**Exercise requirements:** Would you give the listing again exactly, without its images?

**The data:**
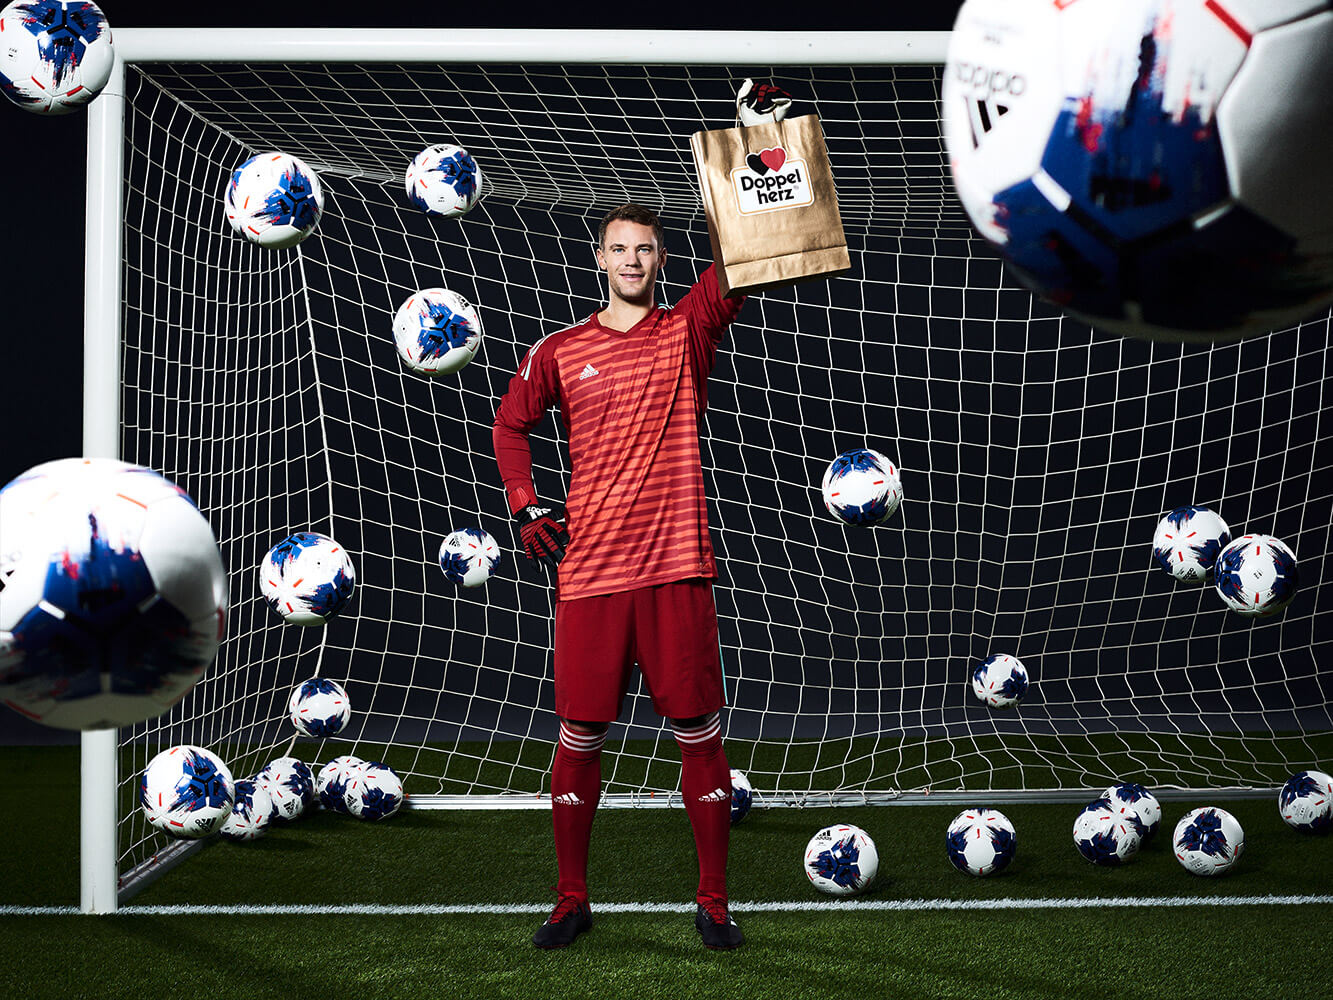 Manuel Neuer Doppelherz Queisser Pharma Volle Bude
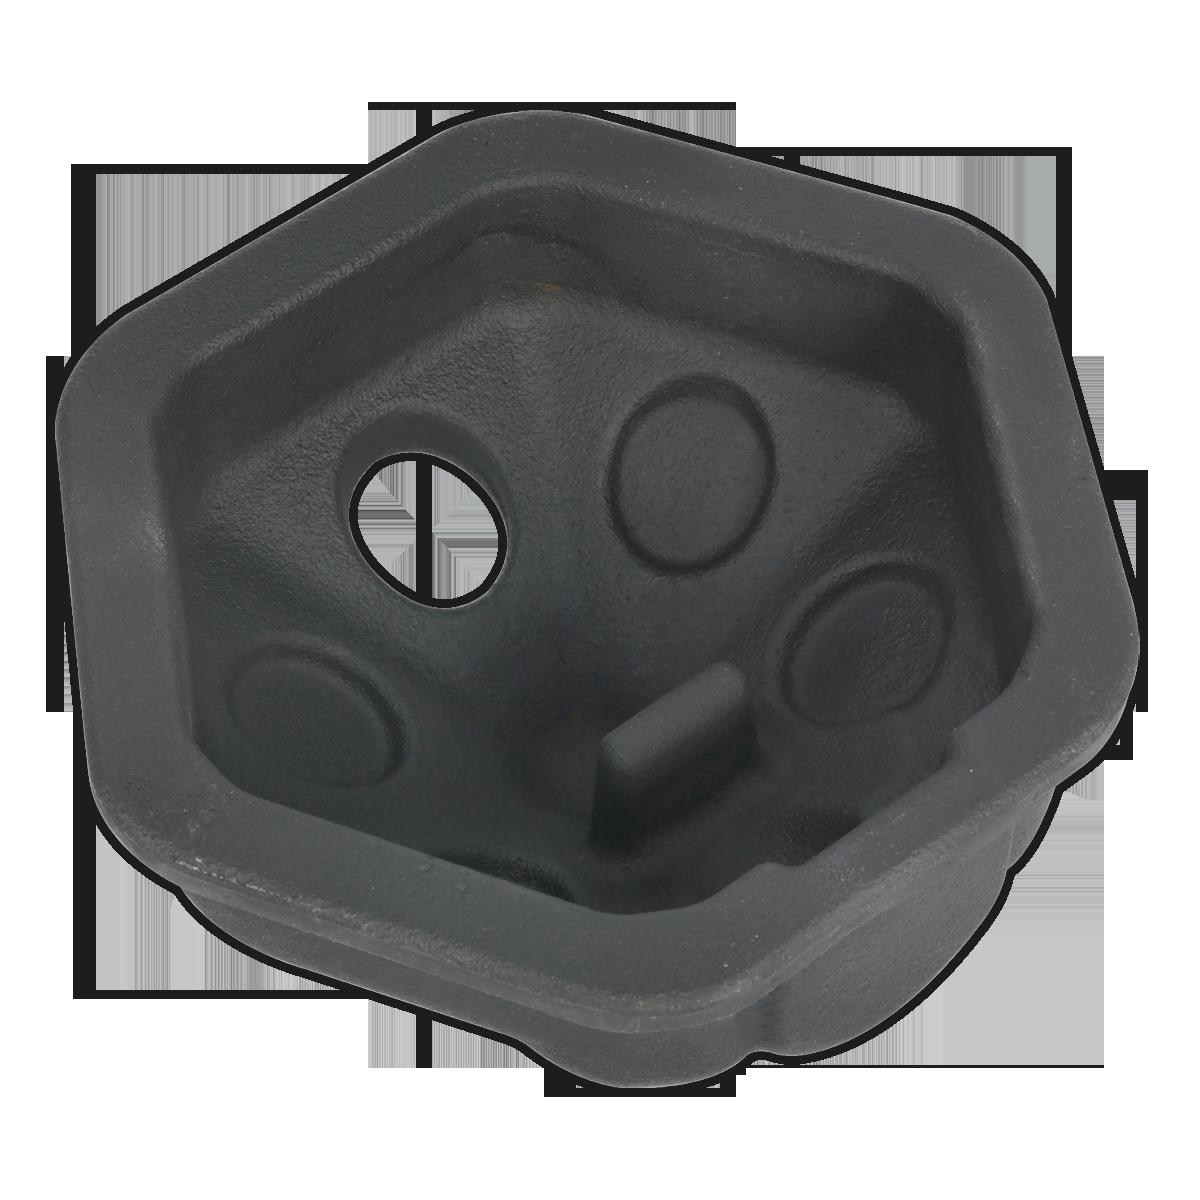 Axle Nut Socket 140mm 32/46mm Hex Drive
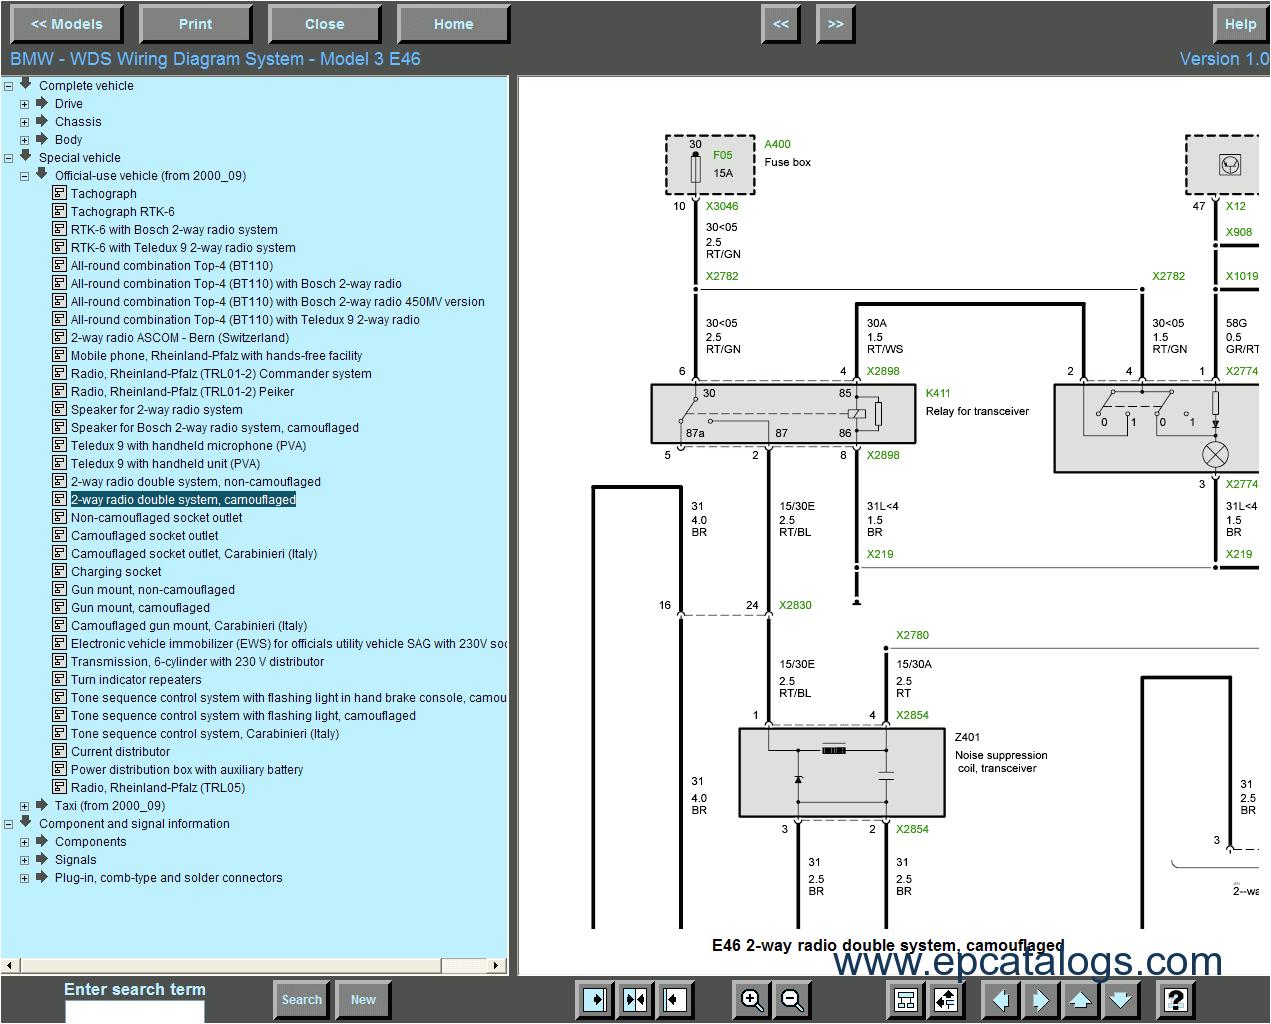 bmw wiring diagram wds wiring diagram user wds bmw wiring diagram system online bmw wds bmw

**Task output:**
 Manuel Neuer Doppelherz Queisser Pharma Volle Bude
 Axle Nut Socket 140mm 32/46mm Hex Drive
 bmw wiring diagram wds wiring diagram user wds bmw wiring diagram system online bmw wds bmw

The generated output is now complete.